Information Relaxation and A Duality-Driven Algorithm for Stochastic Dynamic Programs
Nan Chen, Xiang Ma, Yanchu Liu, Wei Yu

TL;DR
This paper introduces a duality-driven iterative approach using information relaxation to estimate and improve the value functions of finite-horizon stochastic dynamic programs, addressing high-dimensional challenges.
Contribution
The paper develops a novel duality-based method combined with a regression Monte Carlo algorithm to improve value estimates and policies in complex stochastic dynamic programming problems.
Findings
Sequence of dual value estimates converges to the true value in finite iterations.
The Monte Carlo algorithm's convergence rate depends on basis functions and sampled states.
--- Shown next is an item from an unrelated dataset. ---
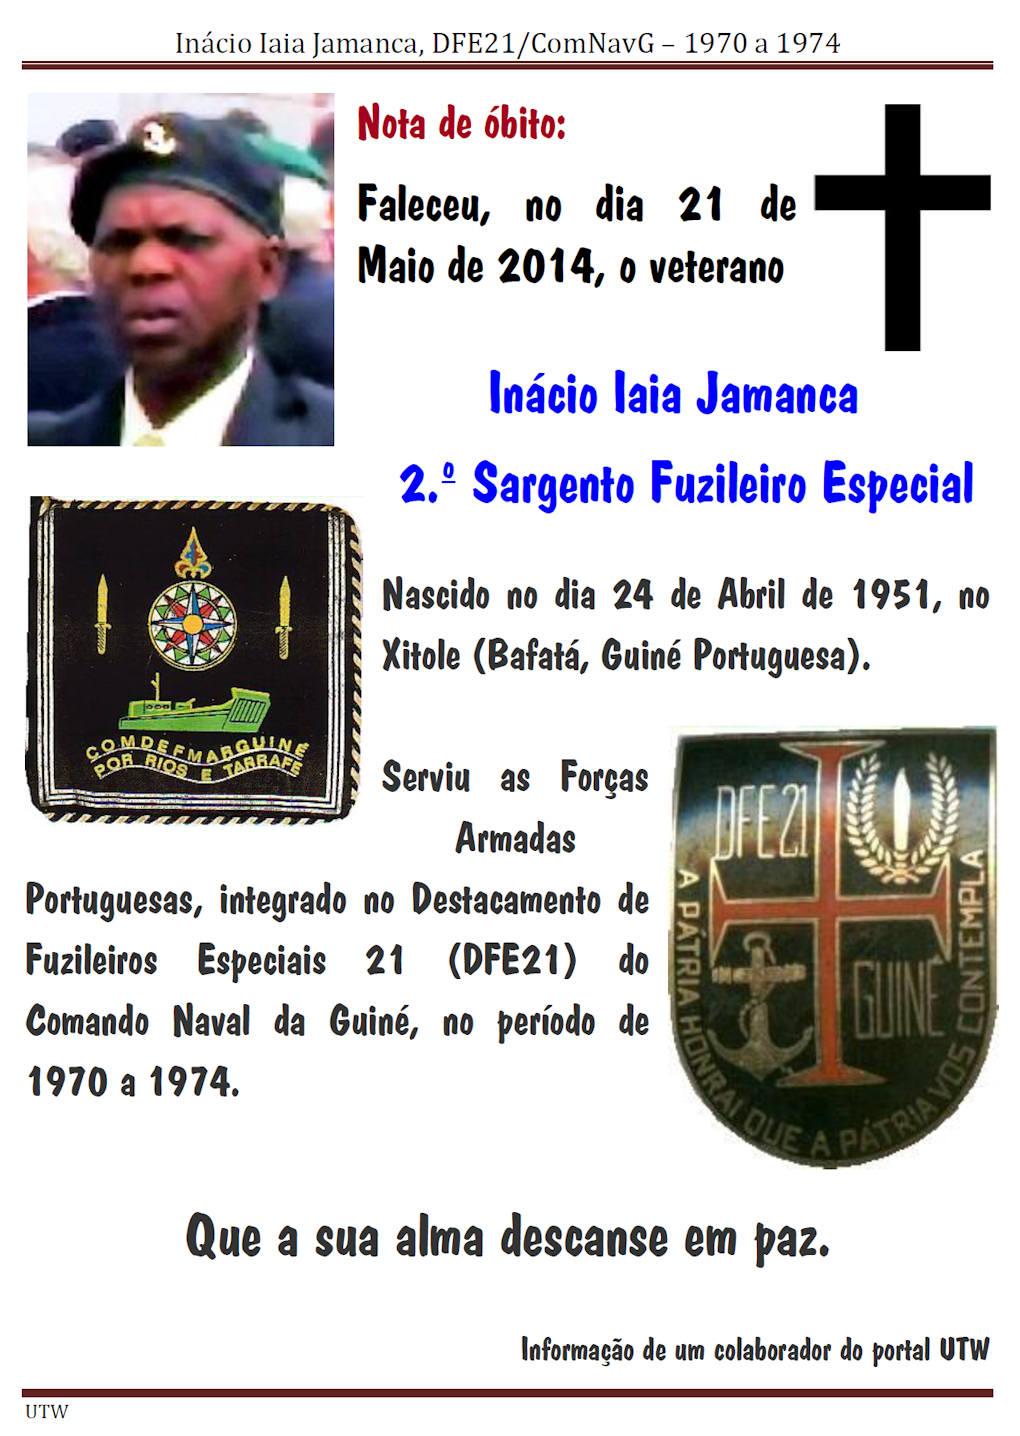 Faleceu o veterano Inácio Iaia Jamanca, 2.ºSargento Fuzileiro Especial, do DFE21/ComNavG - 21Mai2014 Inacio11

Method significantly improves heuristics in complex order execution and inventory management problems.
Abstract
We use the technique of information relaxation to develop a duality-driven iterative approach to obtaining and improving confidence interval estimates for the true value of finite-horizon stochastic dynamic programming problems. We show that the sequence of dual value estimates yielded from the proposed approach in principle monotonically converges to the true value function in a finite number of dual iterations. Aiming to overcome the curse of dimensionality in various applications, we also introduce a regression-based Monte Carlo algorithm for implementation. The new approach can be used not only to assess the quality of heuristic policies, but also to improve them if we find that their duality gap is large. We obtain the convergence rate of our Monte Carlo method in terms of the amounts of both basis functions and the sampled states. Finally, we demonstrate the effectiveness of our…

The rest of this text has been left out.